───── The data ─────
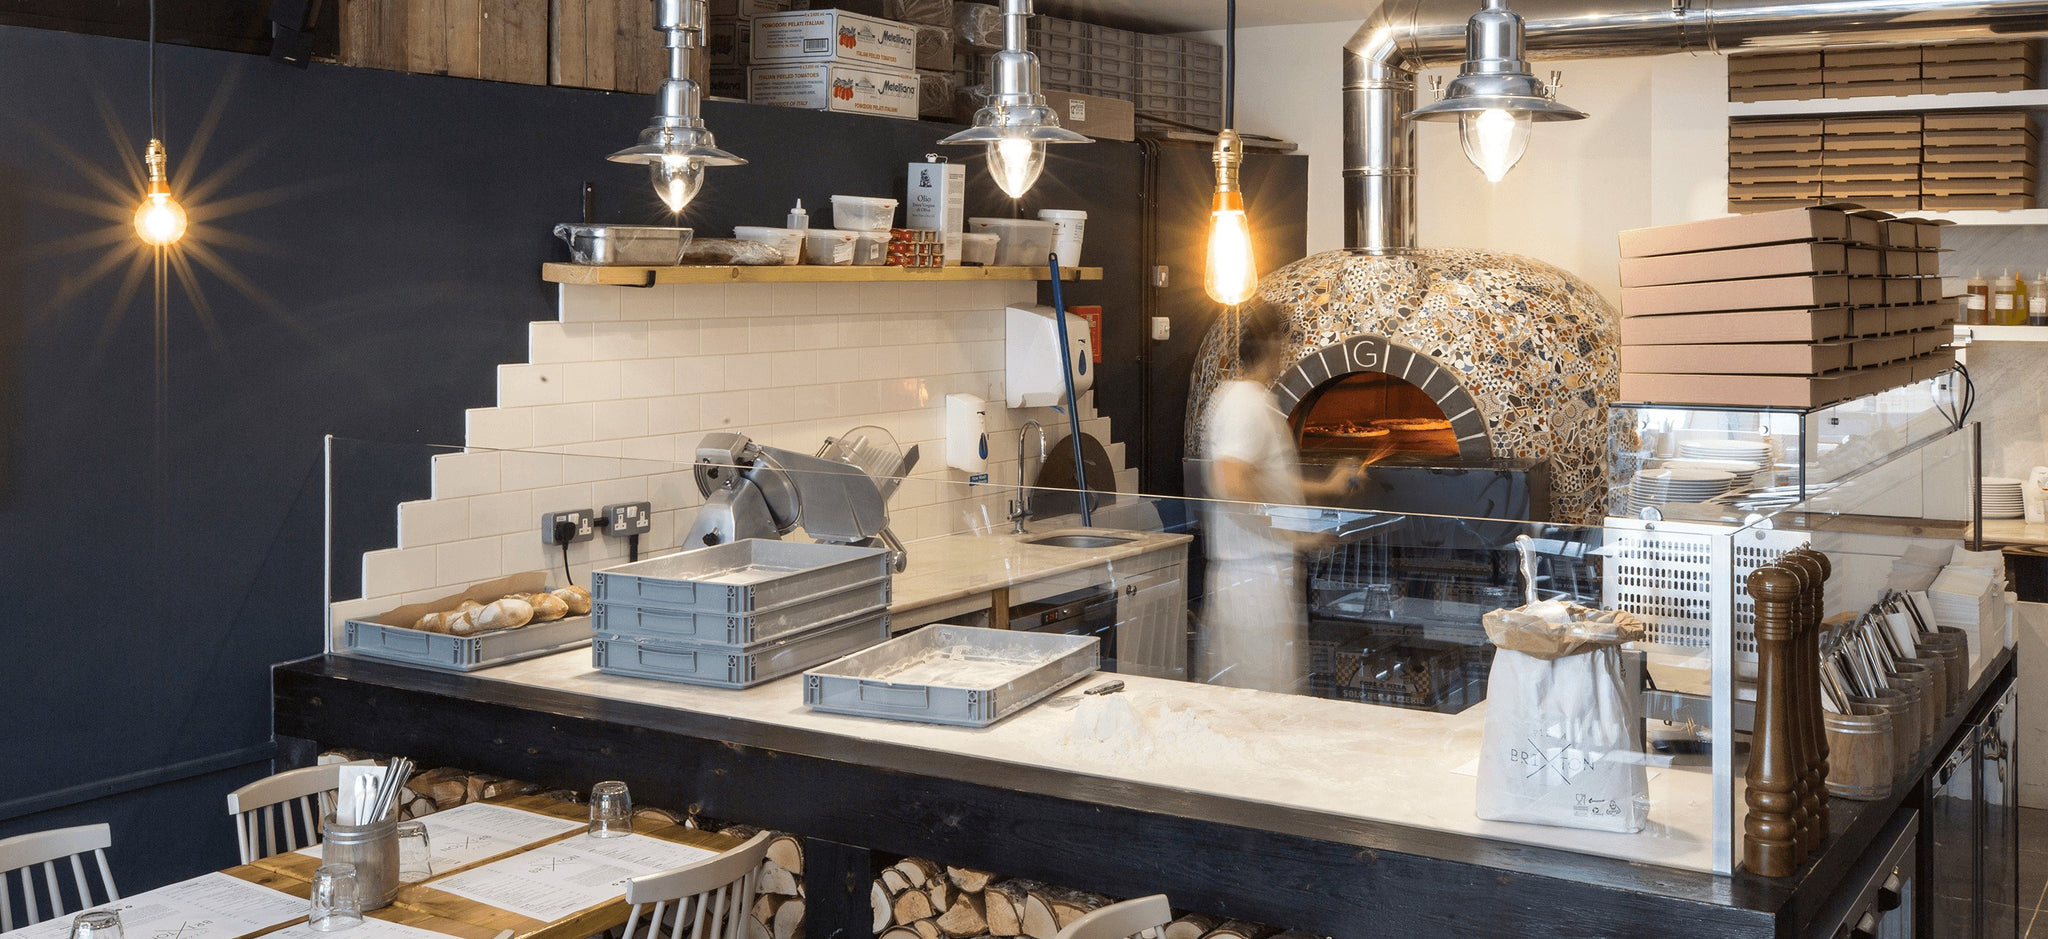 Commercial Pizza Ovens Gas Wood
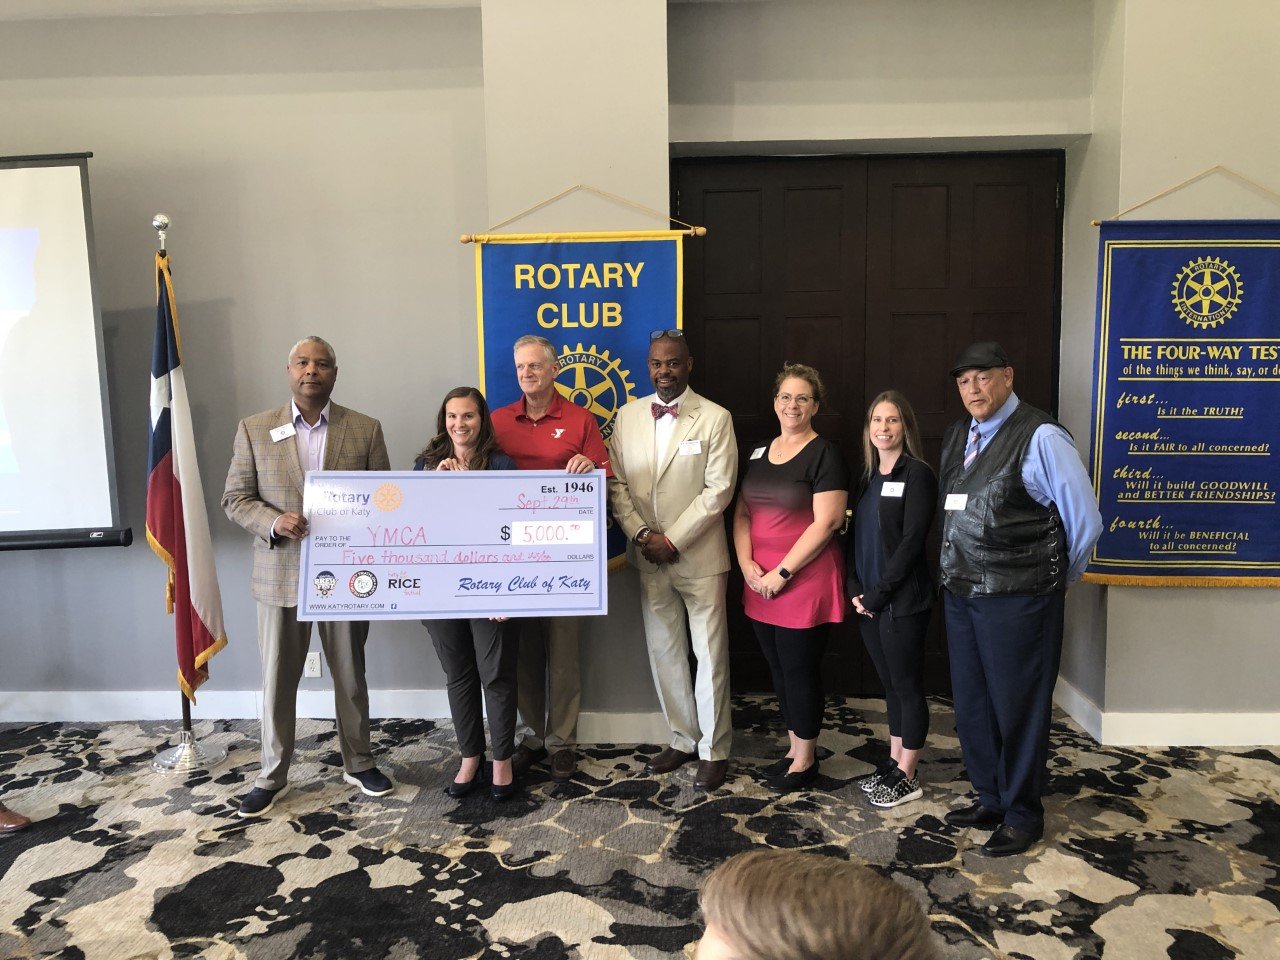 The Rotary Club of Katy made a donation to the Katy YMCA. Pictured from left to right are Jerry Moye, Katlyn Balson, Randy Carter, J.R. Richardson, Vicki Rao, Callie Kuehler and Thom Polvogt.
─────
───── The data ─────
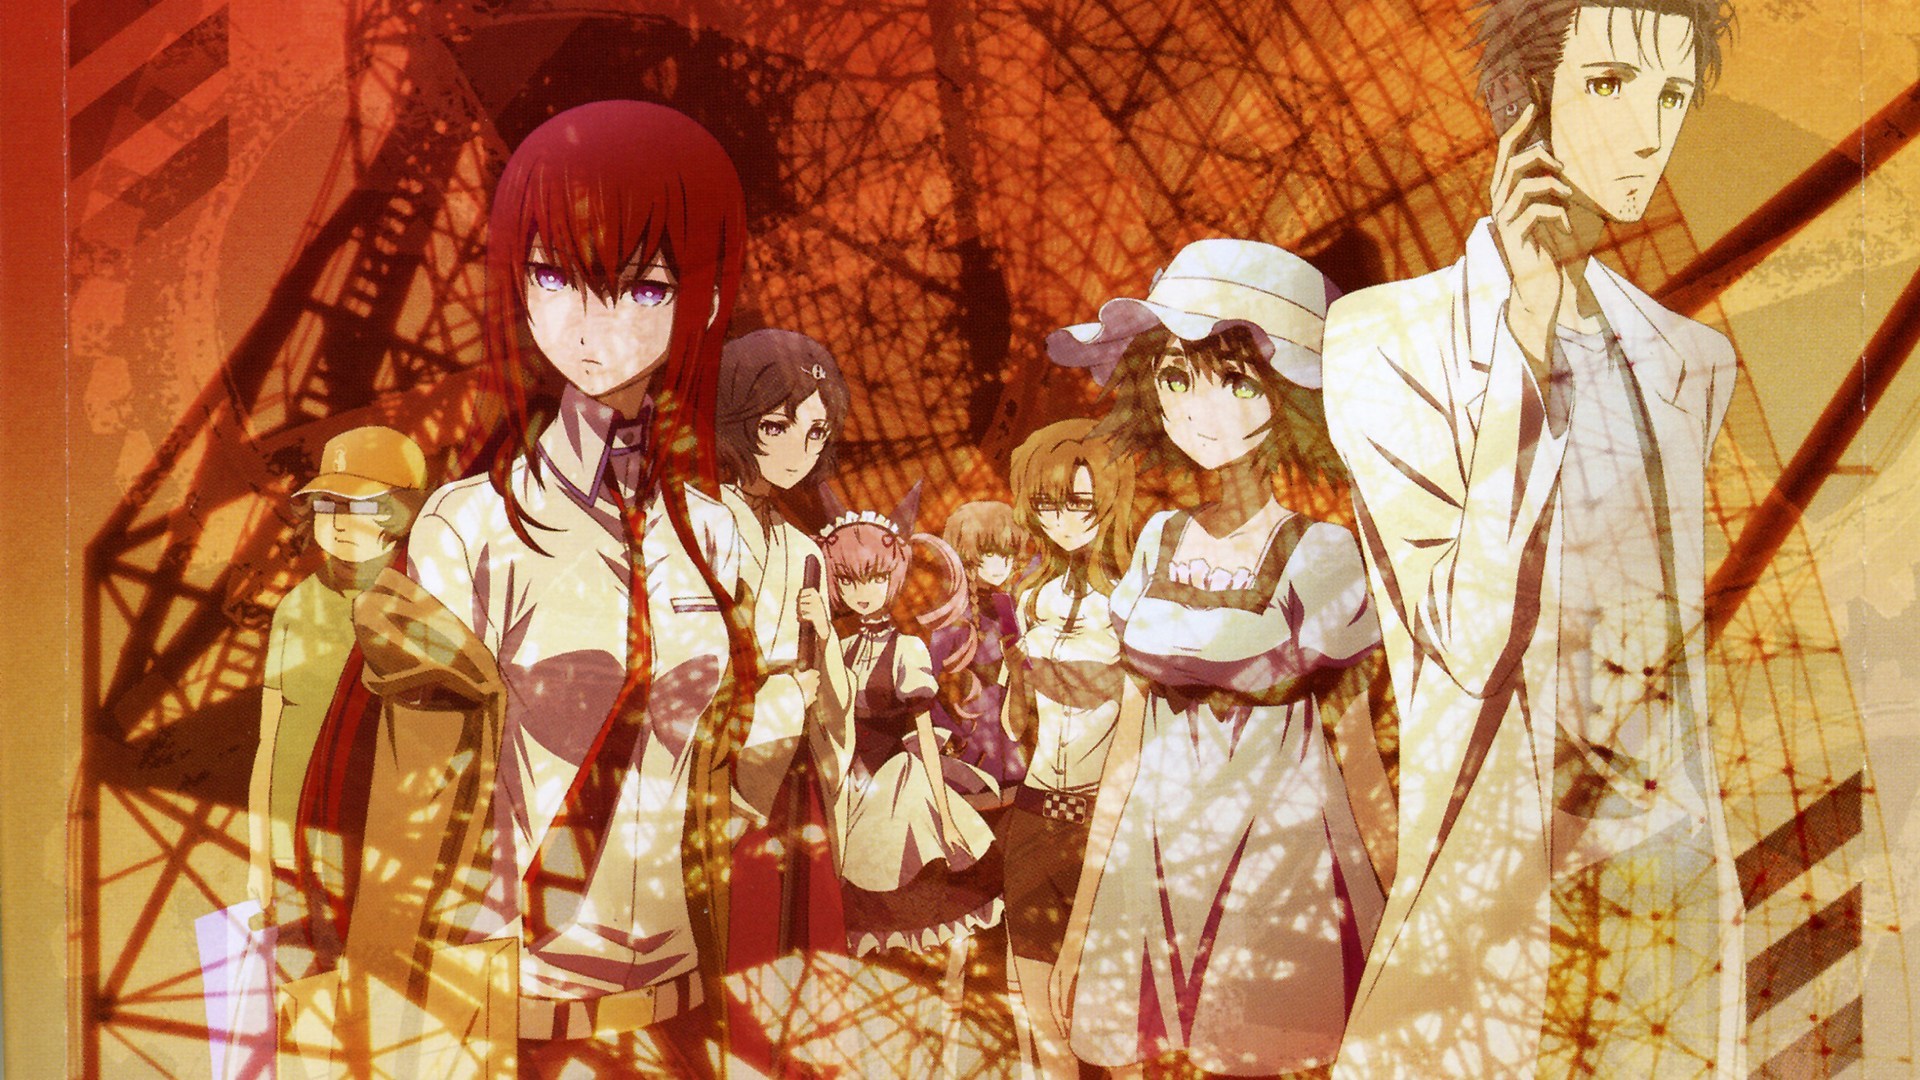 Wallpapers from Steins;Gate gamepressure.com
─────
───── The data ─────
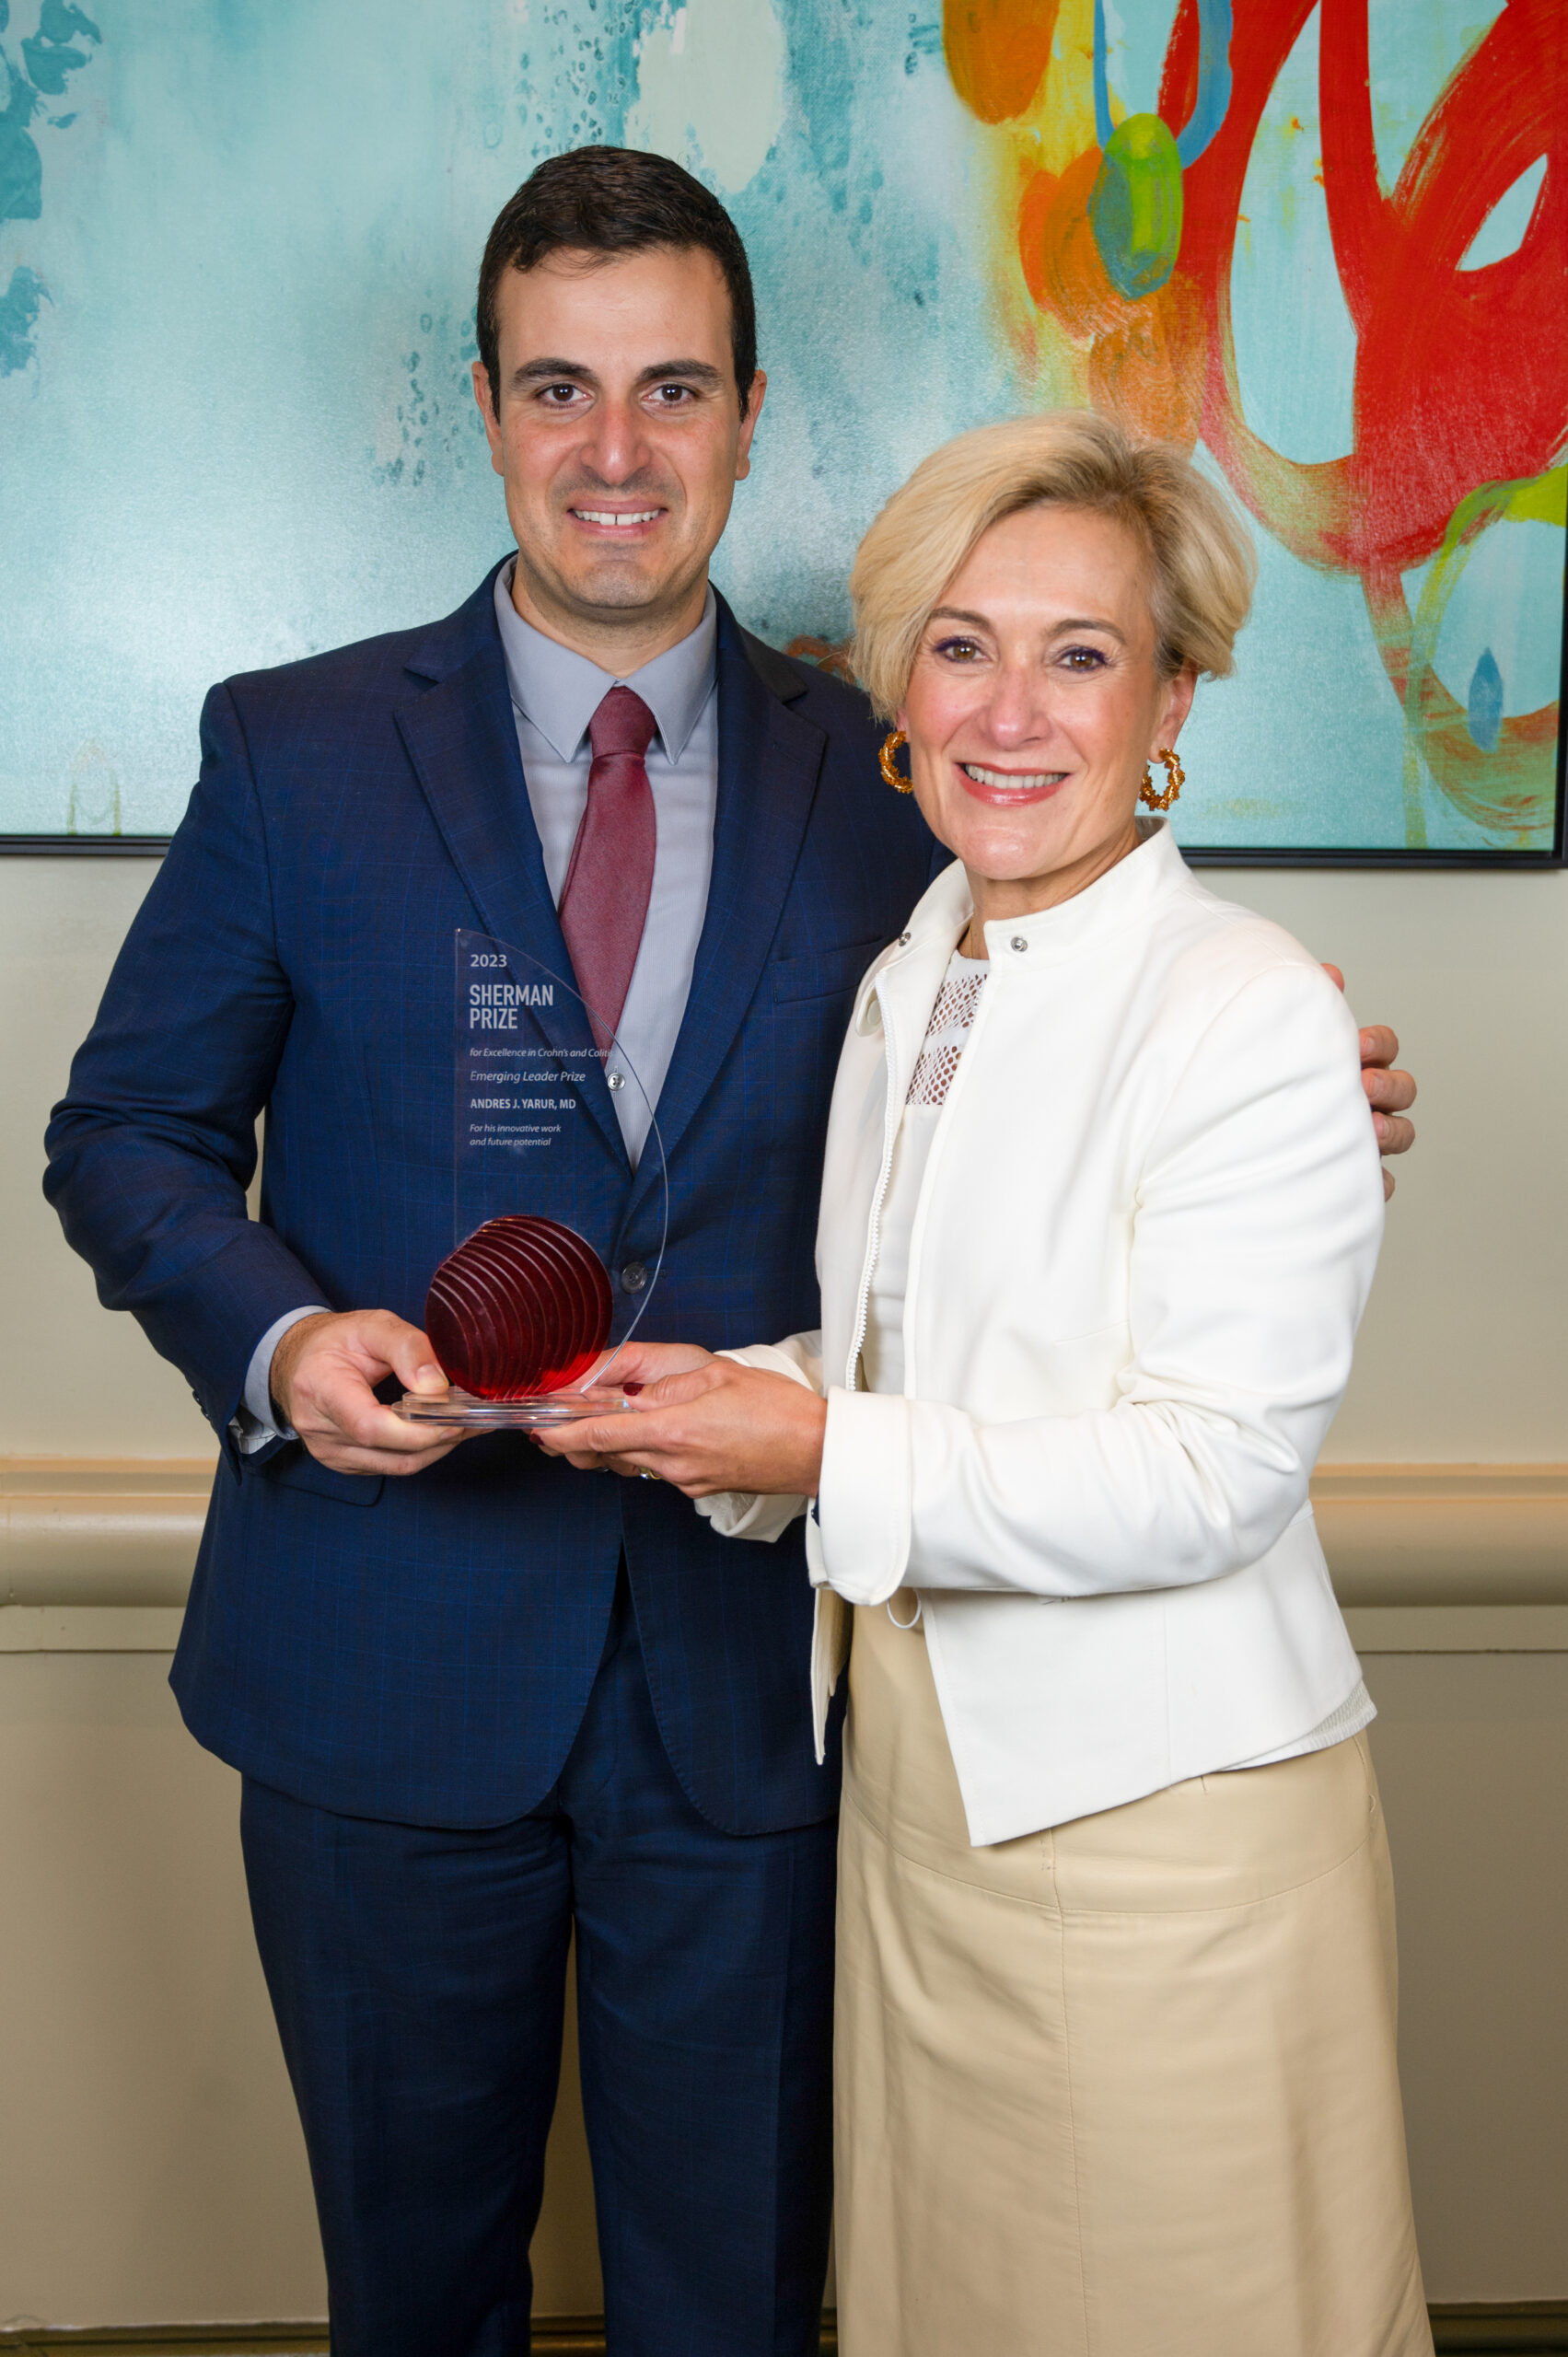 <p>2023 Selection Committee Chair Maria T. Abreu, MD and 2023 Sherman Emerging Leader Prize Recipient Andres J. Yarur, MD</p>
─────
# Your assignment
Word for word, restate the lines above from the one with "Commercial Pizza Ovens Gas Wood" through the one with "The Rotary Club", keeping both ends and dropping the pictures.

# Solution for this task
 Commercial Pizza Ovens Gas Wood
 The Rotary Club of Katy made a donation to the Katy YMCA. Pictured from left to right are Jerry Moye, Katlyn Balson, Randy Carter, J.R. Richardson, Vicki Rao, Callie Kuehler and Thom Polvogt.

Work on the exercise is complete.